BUG: groupby and agg on read-only array gives ValueError: buffer source array is read-only #36014

jeet-parekh · 2020-08-31T18:23:31Z

I have checked that this issue has not already been reported.
Two variants of this bug have been reported - BUG: pd.read_parquet with pyarrow fails when row number is 0 and contains Pandas extensions type #35436 and BUG: read-only buffer failures in datetime parsing #34857

EDIT: I read into those two issues a bit more. They don't seem similar.

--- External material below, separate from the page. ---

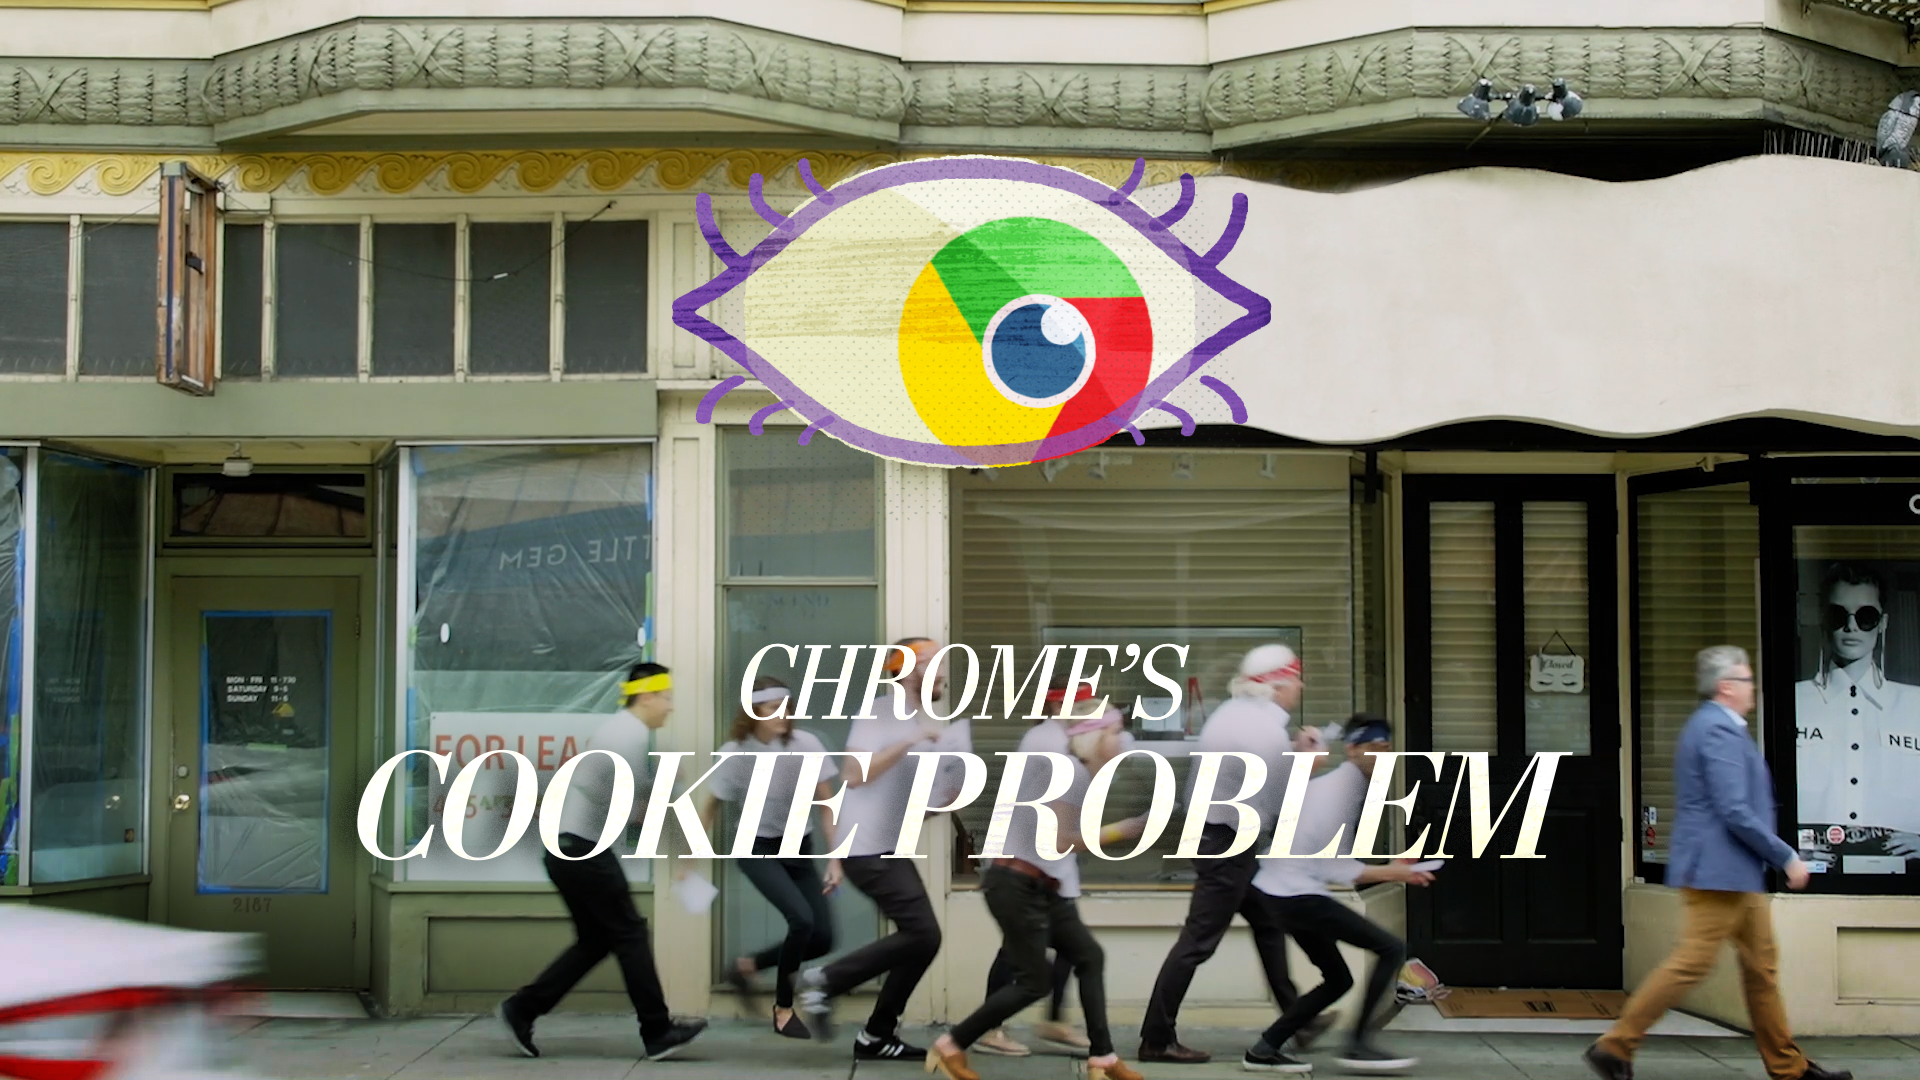 Trong mắt chuyên gia công nghệ, trình duyệt Google Chrome đã thành một phần mềm gián điệp - Ảnh 1.
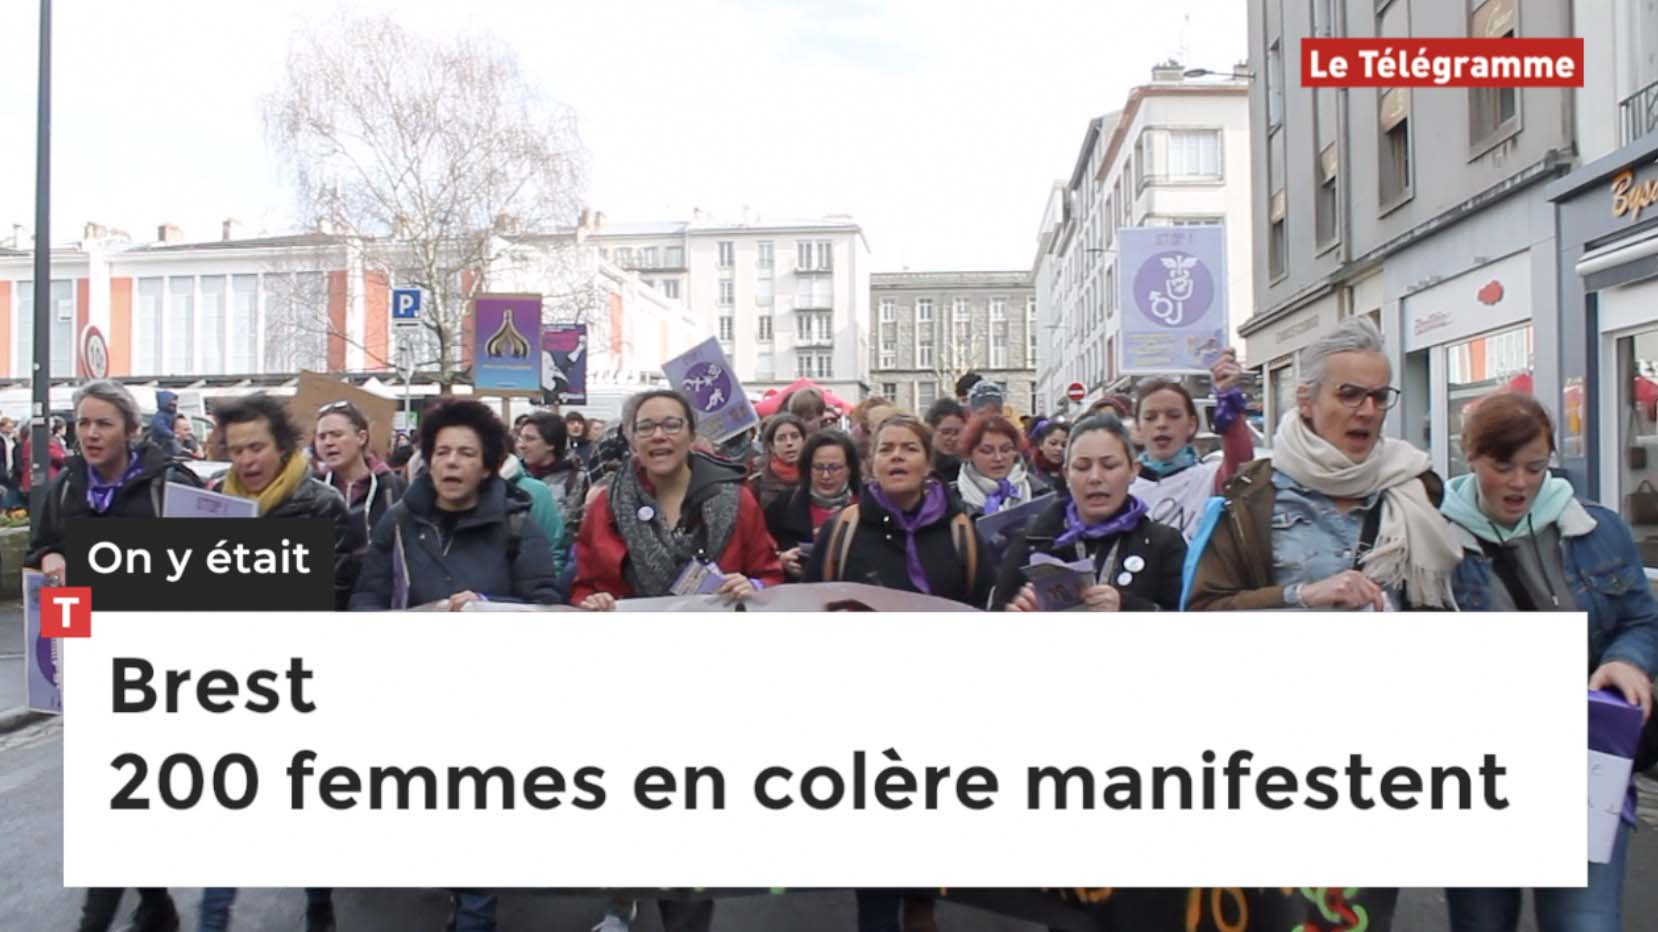 Brest. 200 femmes en colère manifestent (Le Télégramme)

But I'll keep it there.
I have confirmed this bug exists on the latest version of pandas.
Bug exists in pandas 1.1.1

Code Sample, a copy-pastable example

import pandas as pd
import pyarrow as pa

df = pd.DataFrame(
    {
        "sepal_length": [5.1, 4.9, 4.7, 4.6, 5.0],
        "species": ["setosa", "setosa", "setosa", "setosa", "setosa"],
    }
)

context = pa.default_serialization_context()
data = context.serialize(df).to_buffer().to_pybytes()
df_new = context.deserialize(data)

# this fails
df_new.groupby(["species"]).agg({"sepal_length": "sum"})

# this works
# df_new.copy().groupby(["species"]).agg({"sepal_length": "sum"})

Problem description

This is the traceback.

Traceback (most recent call last):
  File "demo.py", line 16, in <module>
    df_new.groupby(["species"]).agg({"sepal_length": "sum"})
  File "/home/jeet/miniconda3/envs/rnd/lib/python3.8/site-packages/pandas/core/groupby/generic.py", line 949, in aggregate
    result, how = self._aggregate(func, *args, **kwargs)
  File "/home/jeet/miniconda3/envs/rnd/lib/python3.8/site-packages/pandas/core/base.py", line 416, in _aggregate
    result = _agg(arg, _agg_1dim)
  File "/home/jeet/miniconda3/envs/rnd/lib/python3.8/site-packages/pandas/core/base.py", line 383, in _agg
    result[fname] = func(fname, agg_how)
  File "/home/jeet/miniconda3/envs/rnd/lib/python3.8/site-packages/pandas/core/base.py", line 367, in _agg_1dim
    return colg.aggregate(how)
  File "/home/jeet/miniconda3/envs/rnd/lib/python3.8/site-packages/pandas/core/groupby/generic.py", line 240, in aggregate
    return getattr(self, func)(*args, **kwargs)
  File "/home/jeet/miniconda3/envs/rnd/lib/python3.8/site-packages/pandas/core/groupby/groupby.py", line 1539, in sum
    return self._agg_general(
  File "/home/jeet/miniconda3/envs/rnd/lib/python3.8/site-packages/pandas/core/groupby/groupby.py", line 999, in _agg_general
    return self._cython_agg_general(
  File "/home/jeet/miniconda3/envs/rnd/lib/python3.8/site-packages/pandas/core/groupby/groupby.py", line 1033, in _cython_agg_general
    result, agg_names = self.grouper.aggregate(
  File "/home/jeet/miniconda3/envs/rnd/lib/python3.8/site-packages/pandas/core/groupby/ops.py", line 584, in aggregate
    return self._cython_operation(
  File "/home/jeet/miniconda3/envs/rnd/lib/python3.8/site-packages/pandas/core/groupby/ops.py", line 537, in _cython_operation
    result = self._aggregate(result, counts, values, codes, func, min_count)
  File "/home/jeet/miniconda3/envs/rnd/lib/python3.8/site-packages/pandas/core/groupby/ops.py", line 599, in _aggregate
    agg_func(result, counts, values, comp_ids, min_count)
  File "pandas/_libs/groupby.pyx", line 475, in pandas._libs.groupby._group_add
  File "stringsource", line 658, in View.MemoryView.memoryview_cwrapper
  File "stringsource", line 349, in View.MemoryView.memoryview.__cinit__
ValueError: buffer source array is read-only

In the .agg line that fails, if you do a min, max, median, or count aggregation, then it's going to work.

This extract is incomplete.